I will add such document. It will includes:
1) Data struct perf_event definition. Guest os and host os have to share the same
data structure as host kernel will sync data (counte/overflows and others if needed)
changes back to guest os.
2) A list of all hypercalls
3) Guest need have NMI handler which checks all guest events.
>
> Please also split the guest and host parts into separate patches.
I will do so.
>
> >
> > -#define KVM_MAX_MMU_OP_BATCH 32
> >
>
> Keep that please.
I will do so.
>
> > +/* Operations for KVM_PERF_OP */
> > +#define KVM_PERF_OP_OPEN 1
> > +#define KVM_PERF_OP_CLOSE 2
> > +#define KVM_PERF_OP_ENABLE 3
> > +#define KVM_PERF_OP_DISABLE 4
> > +#define KVM_PERF_OP_START 5
> > +#define KVM_PERF_OP_STOP 6
> > +#define KVM_PERF_OP_READ 7
> >
>
> Where is the hypercall number for the perf hypercall?
I defines it in file kvm_para.h like KVM_HC_MMU_OP.
>
> > +static bool kvm_reserve_pmc_hardware(void)
> > +{
> > + if (nmi_watchdog == NMI_LOCAL_APIC)

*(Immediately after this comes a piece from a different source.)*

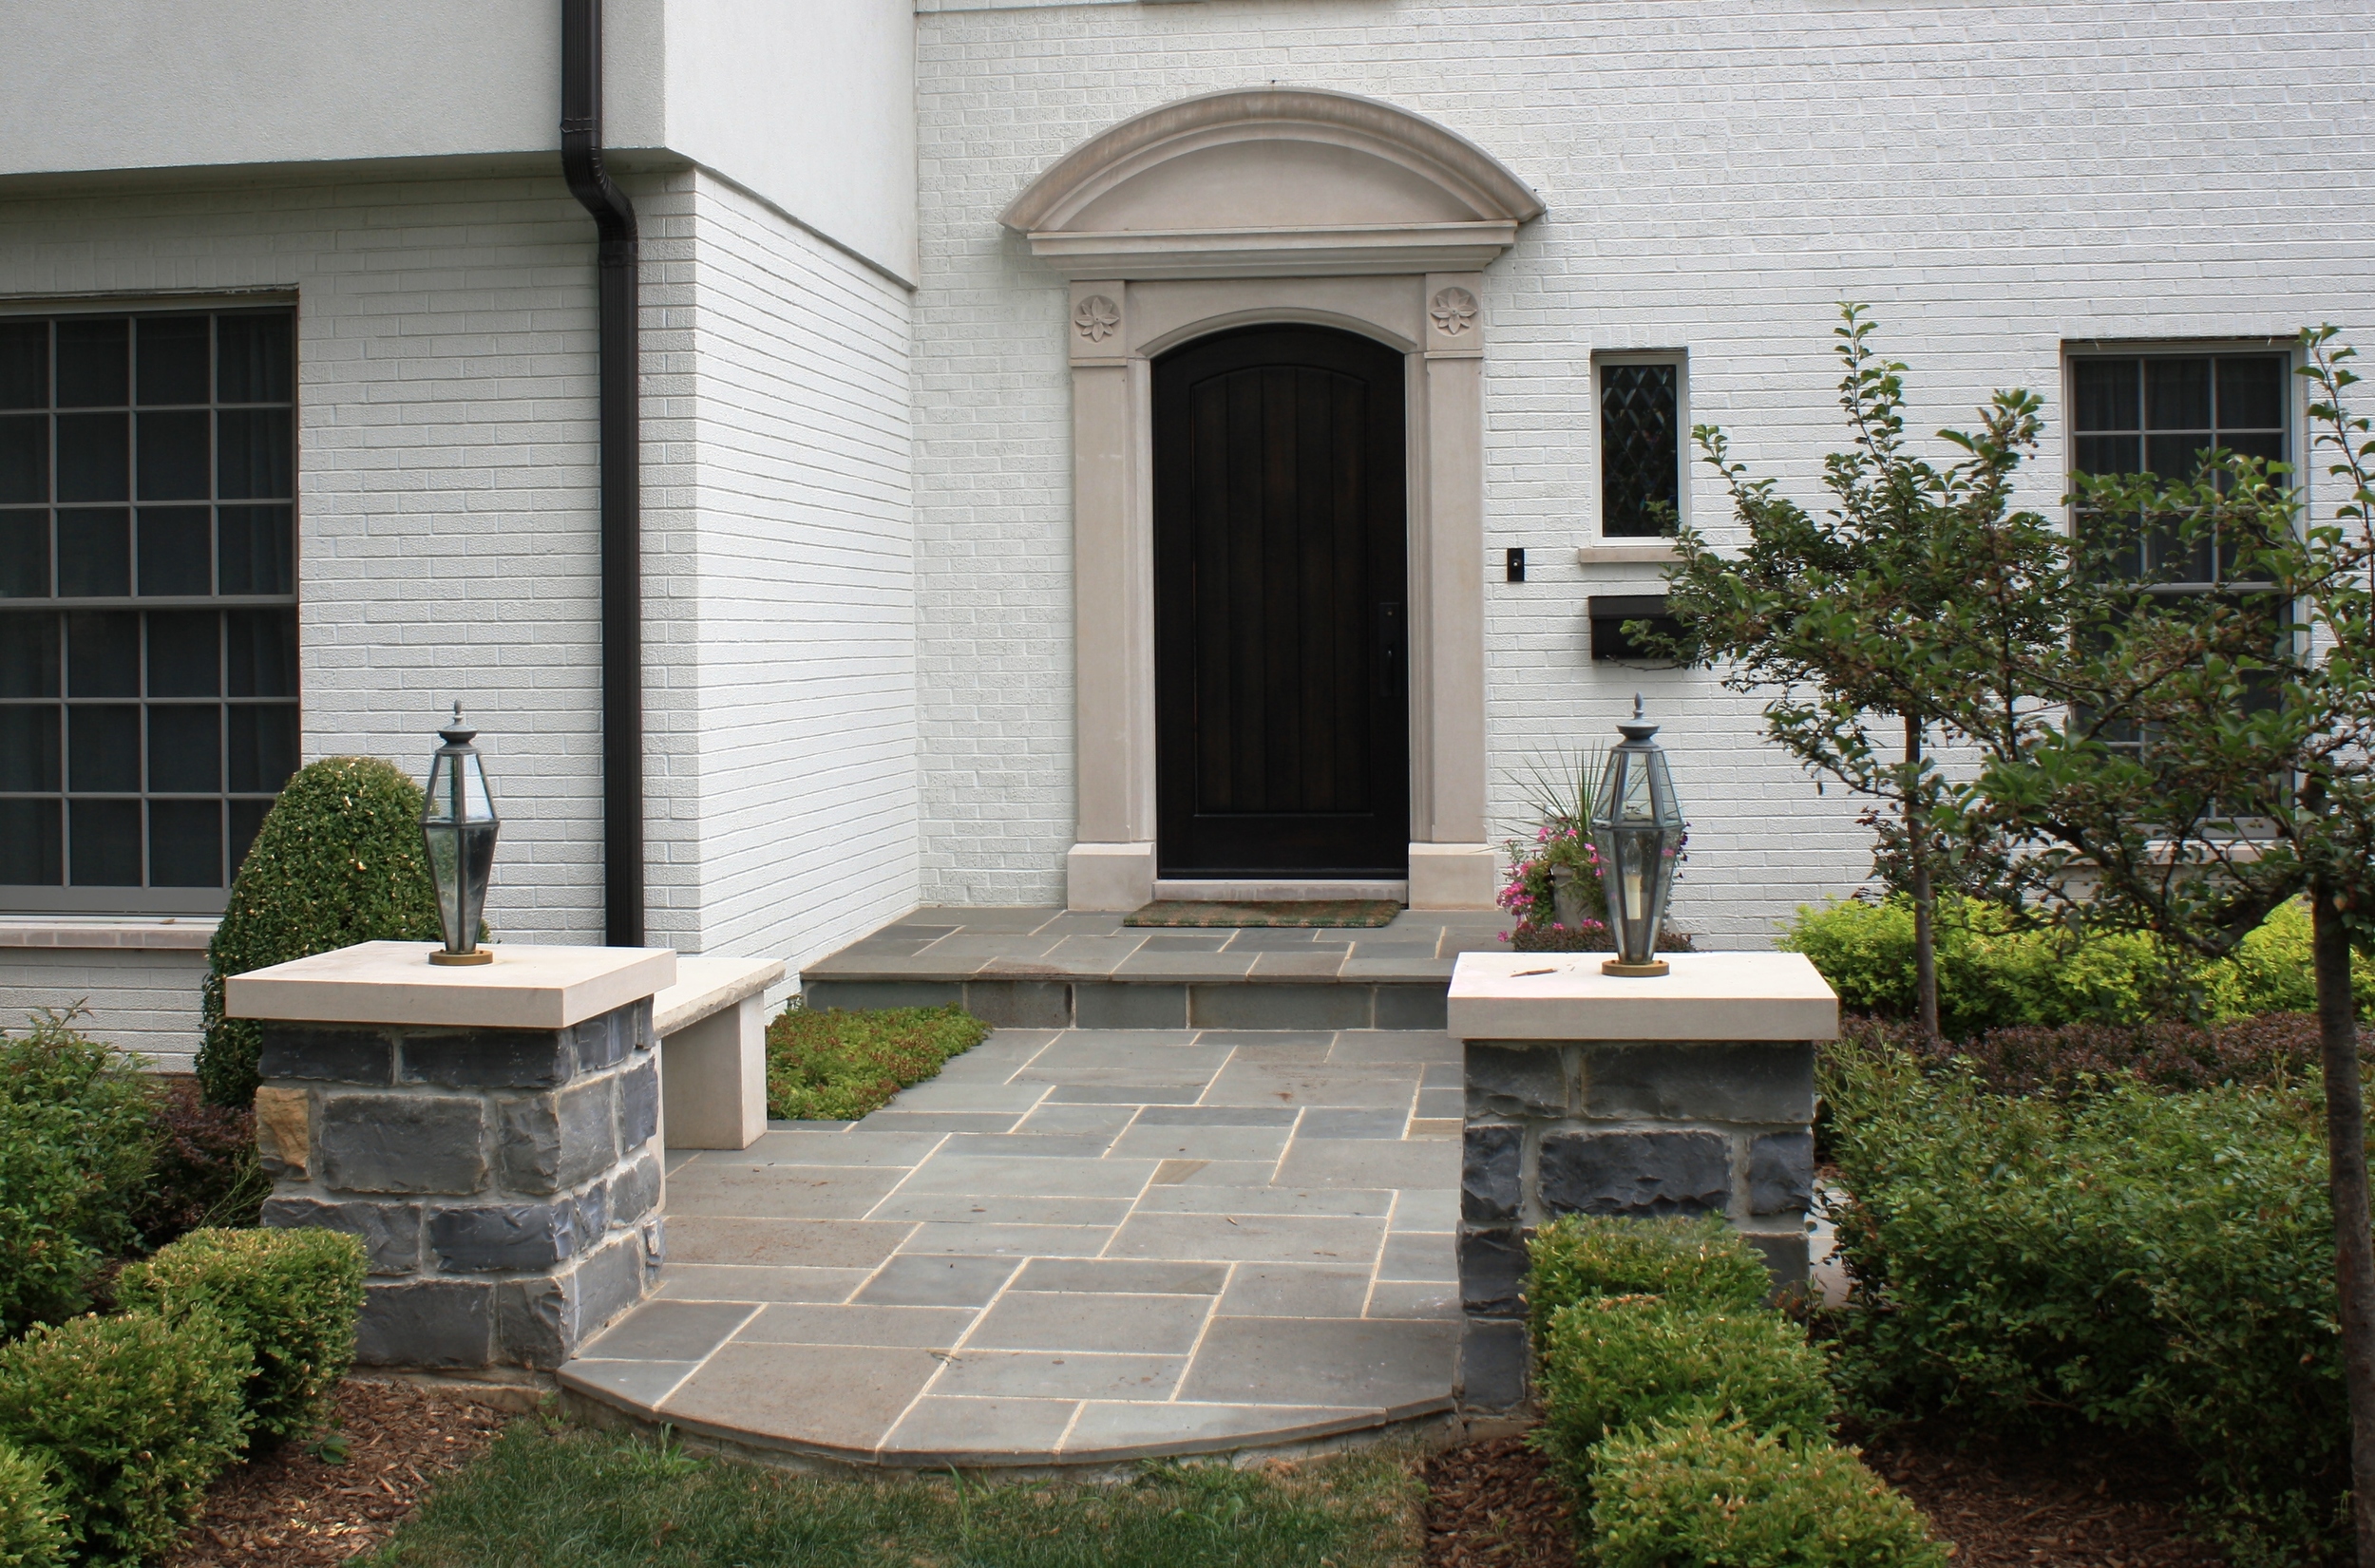  Limestone around the entrance door, bluestone walkway and stone columns. Clarendon Hills, IL

> > + disable_lapic_nmi_watchdog();
> > +
> > + return true;
> > +}
> > +
> > +static void kvm_release_pmc_hardware(void)
> > +{
> > + if (nmi_watchdog == NMI_LOCAL_APIC)
> > + enable_lapic_nmi_watchdog();
> > +}
> >
>
> Disabling the watchdog is unfortunate. Why is it necessary?
perf always uses NMI, so we disable the nmi_watchdog when a perf_event is
set up in case they might have impact.
>
> > +
> > +static int kvm_pmu_enable(struct perf_event *event)
> > +{
> > + int ret;
> > + unsigned long addr = __pa(event);
> > +
> > + if (kvm_add_event(event))
> > + return -1;
> > +
> > + ret = kvm_hypercall3(KVM_PERF_OP, KVM_PERF_OP_ENABLE,
> > + addr, (unsigned long) event->shadow);
> >
>
> This is suspicious. Passing virtual addresses to the host is always
> problematic. Or event->shadow only used as an opaque cookie?
I use perf_event->shadow at both host and guest side.
1) At host side, perf_event->shadow points to an area including the page
mapping information about guest perf_event. Host kernel uses it to sync data
changes back to guest;
2) At guest side, perf_event->shadow save the virtual address of host
perf_event at host side. At guest side,
kvm_hypercall3(KVM_PERF_OP, KVM_PERF_OP_OPEN, ...) return the virtual address.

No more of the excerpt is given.